REQUIREMENT
Reproduce the listing below character for character; drop every image.

DATASET EXTRACT
◇ ◇ ◇ ◇ ◇

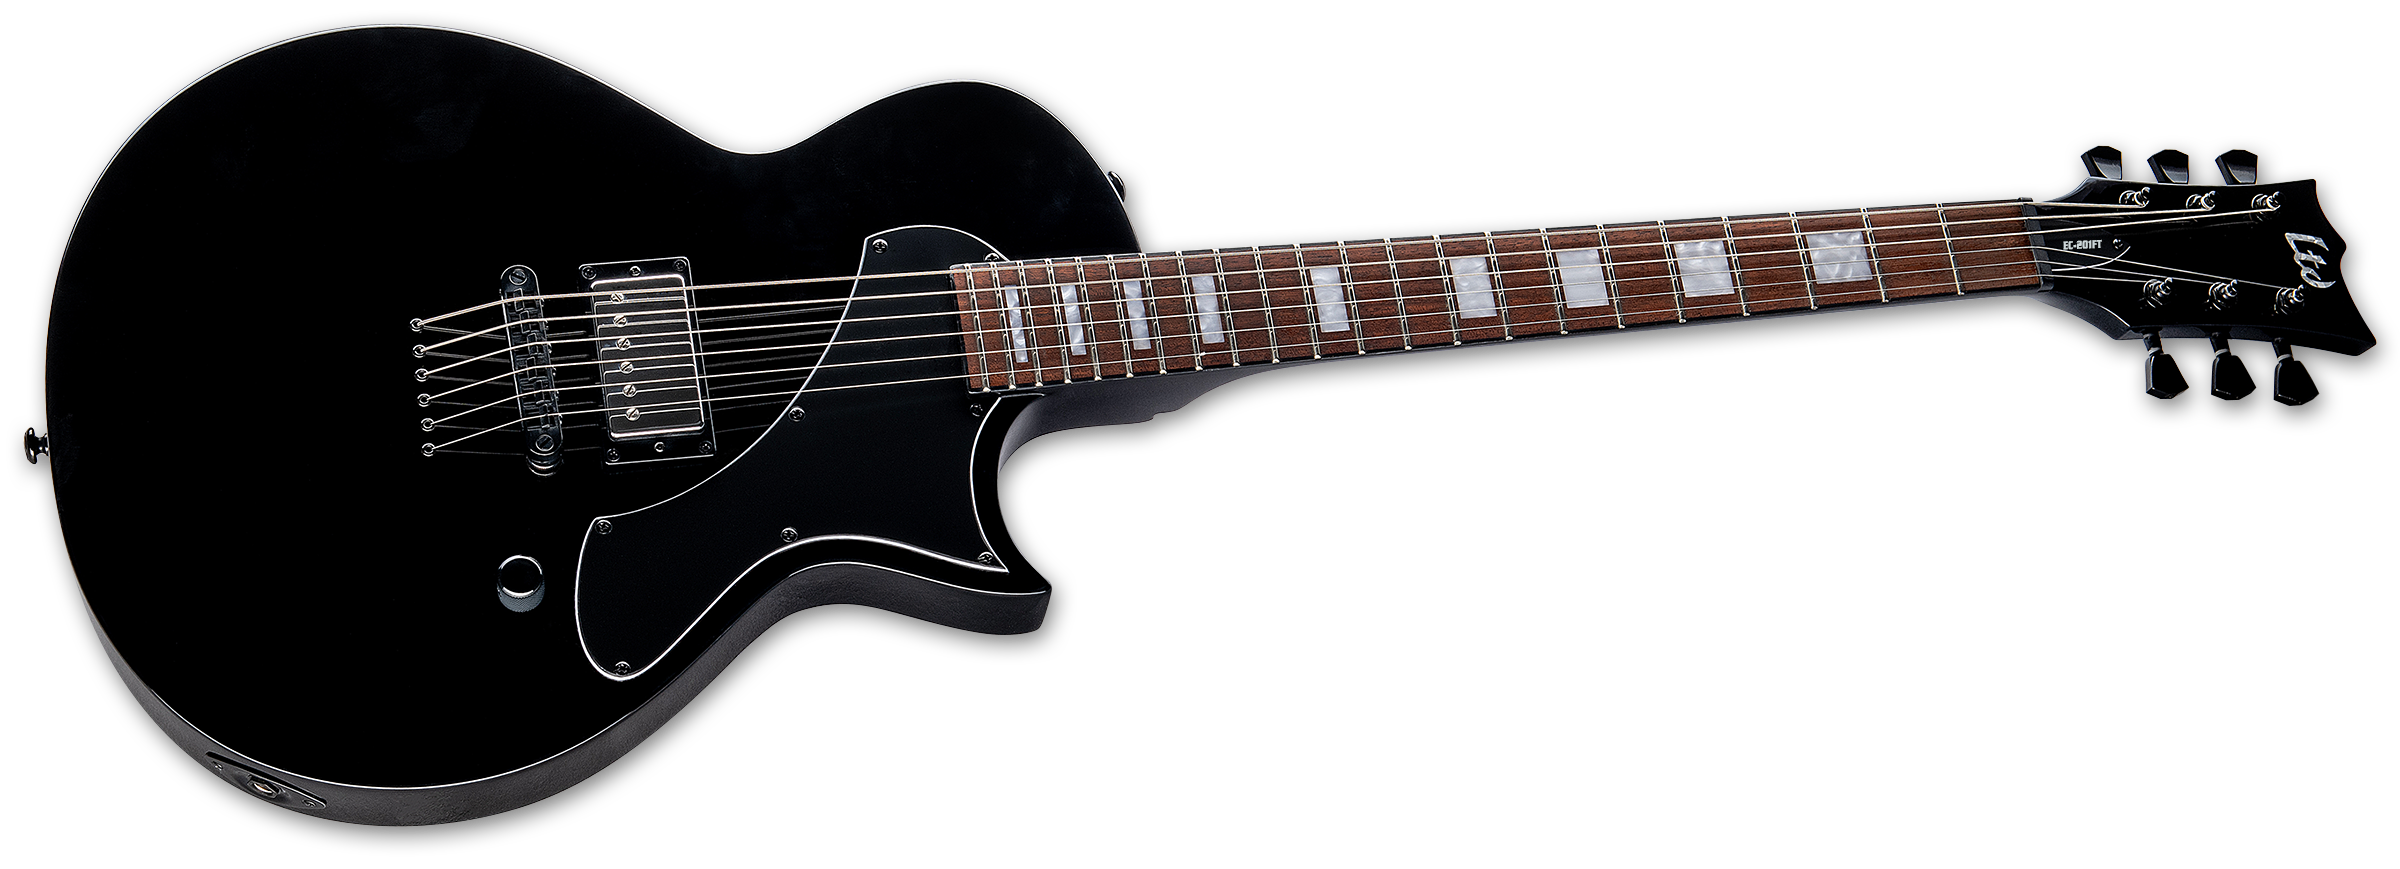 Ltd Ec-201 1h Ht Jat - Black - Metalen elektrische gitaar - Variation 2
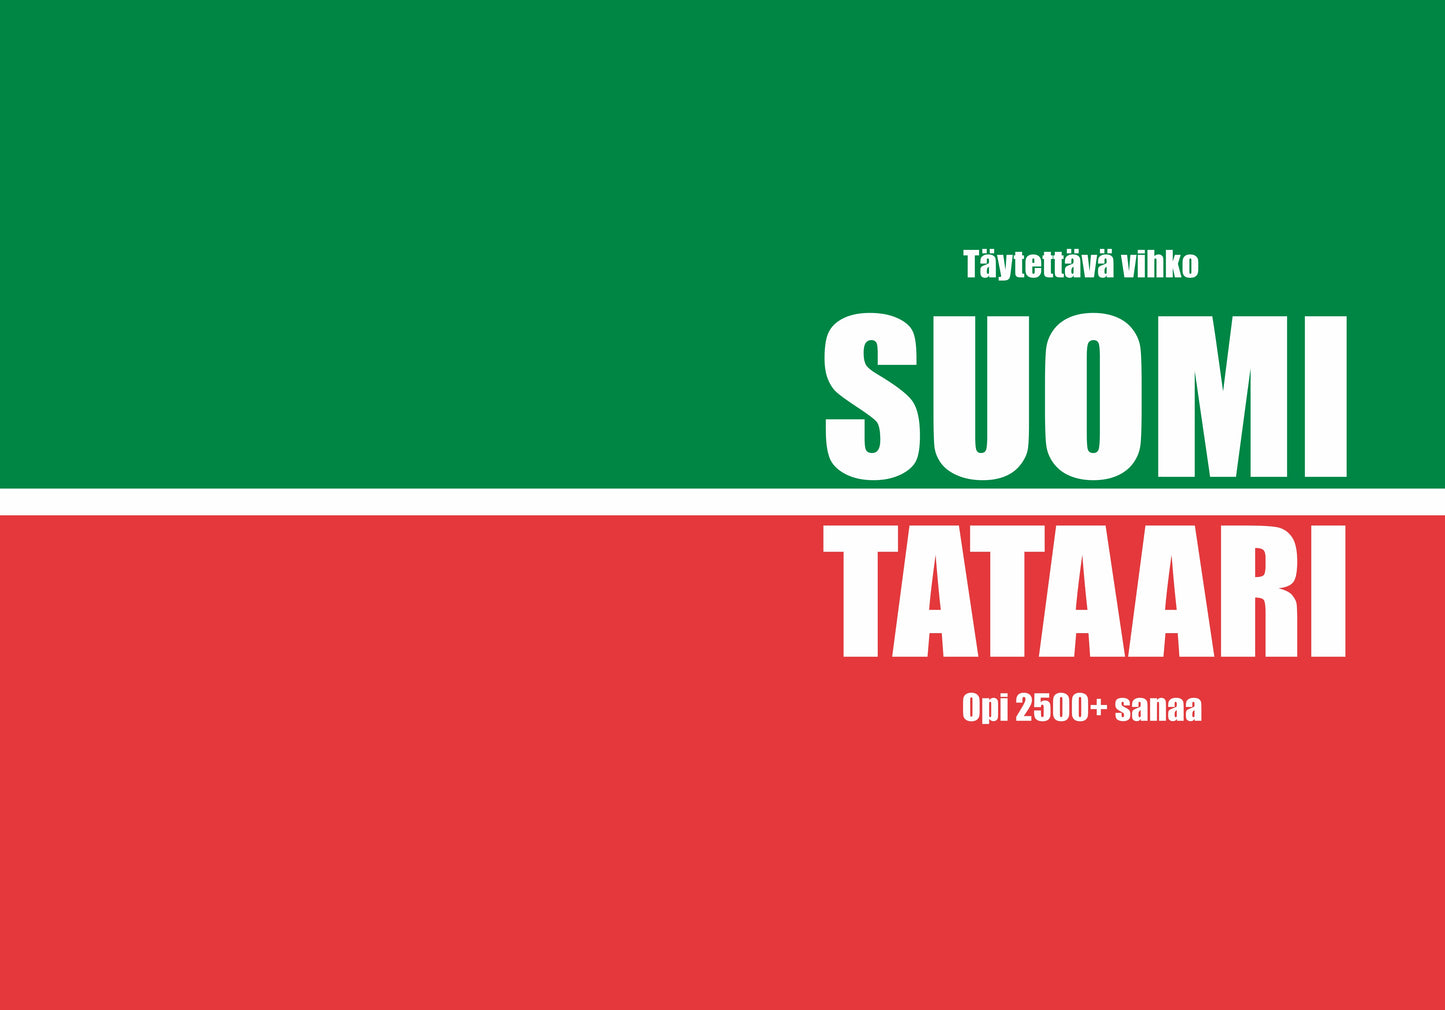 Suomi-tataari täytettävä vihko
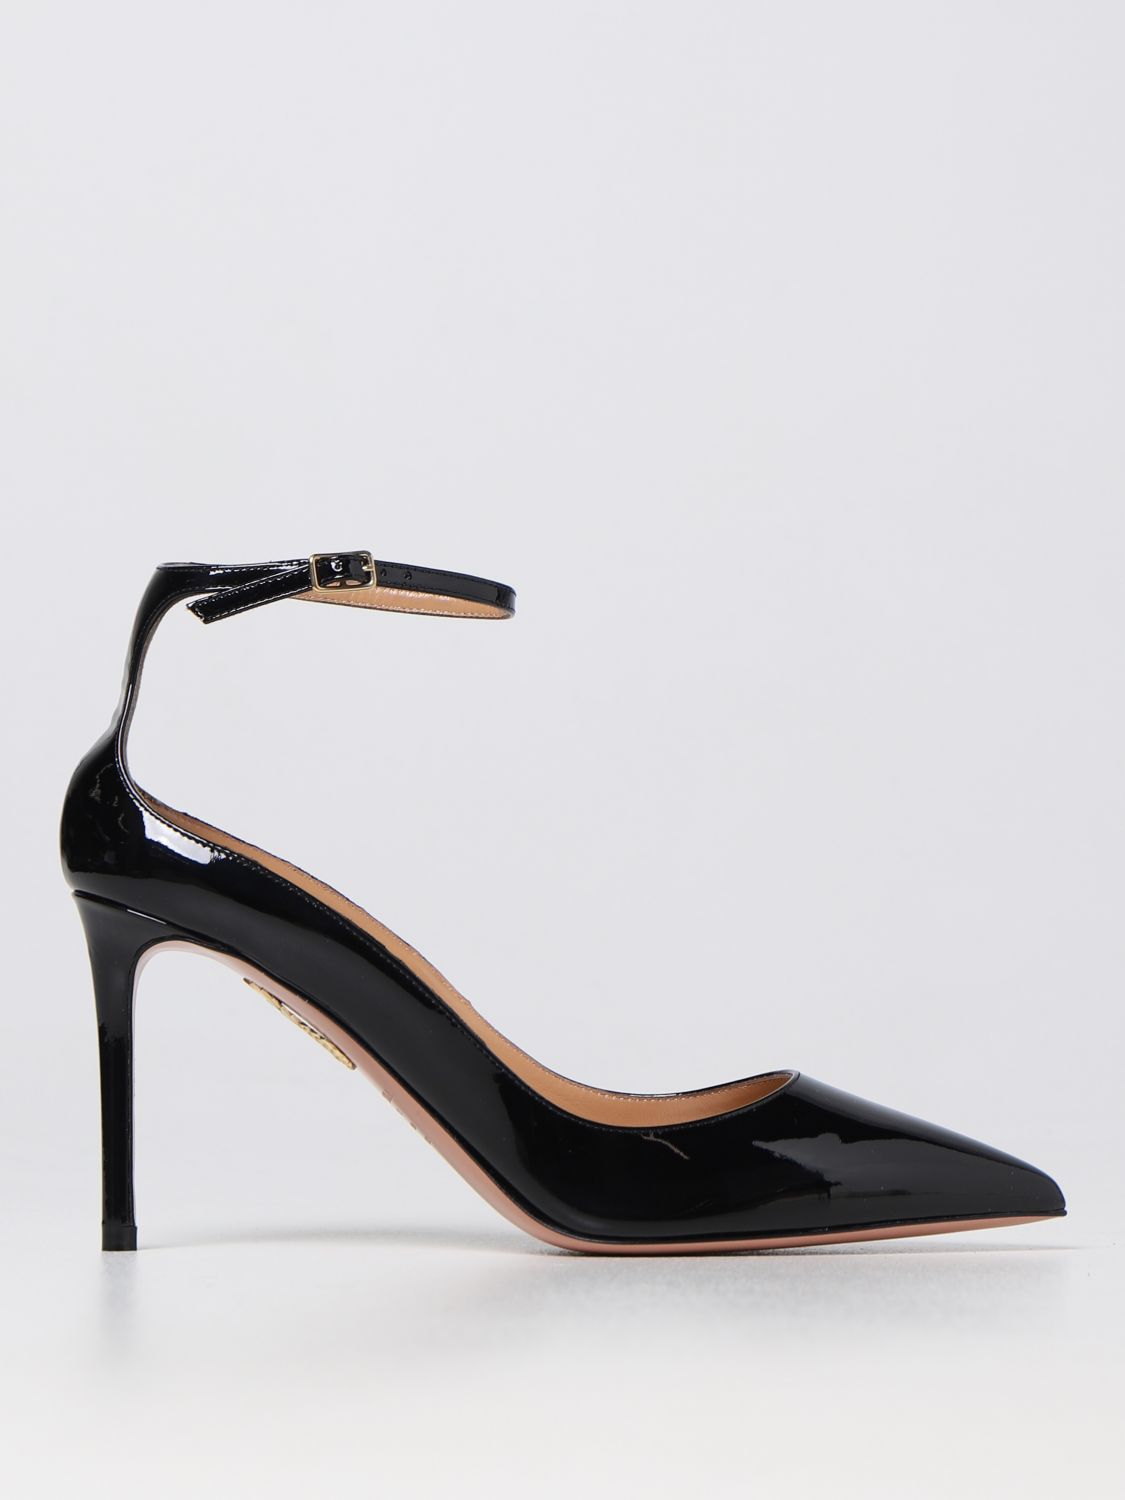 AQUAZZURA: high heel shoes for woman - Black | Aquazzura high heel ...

◇ ◇ ◇ ◇ ◇

RESULT
 Ltd Ec-201 1h Ht Jat - Black - Metalen elektrische gitaar - Variation 2
 Suomi-tataari täytettävä vihko
 AQUAZZURA: high heel shoes for woman - Black | Aquazzura high heel ...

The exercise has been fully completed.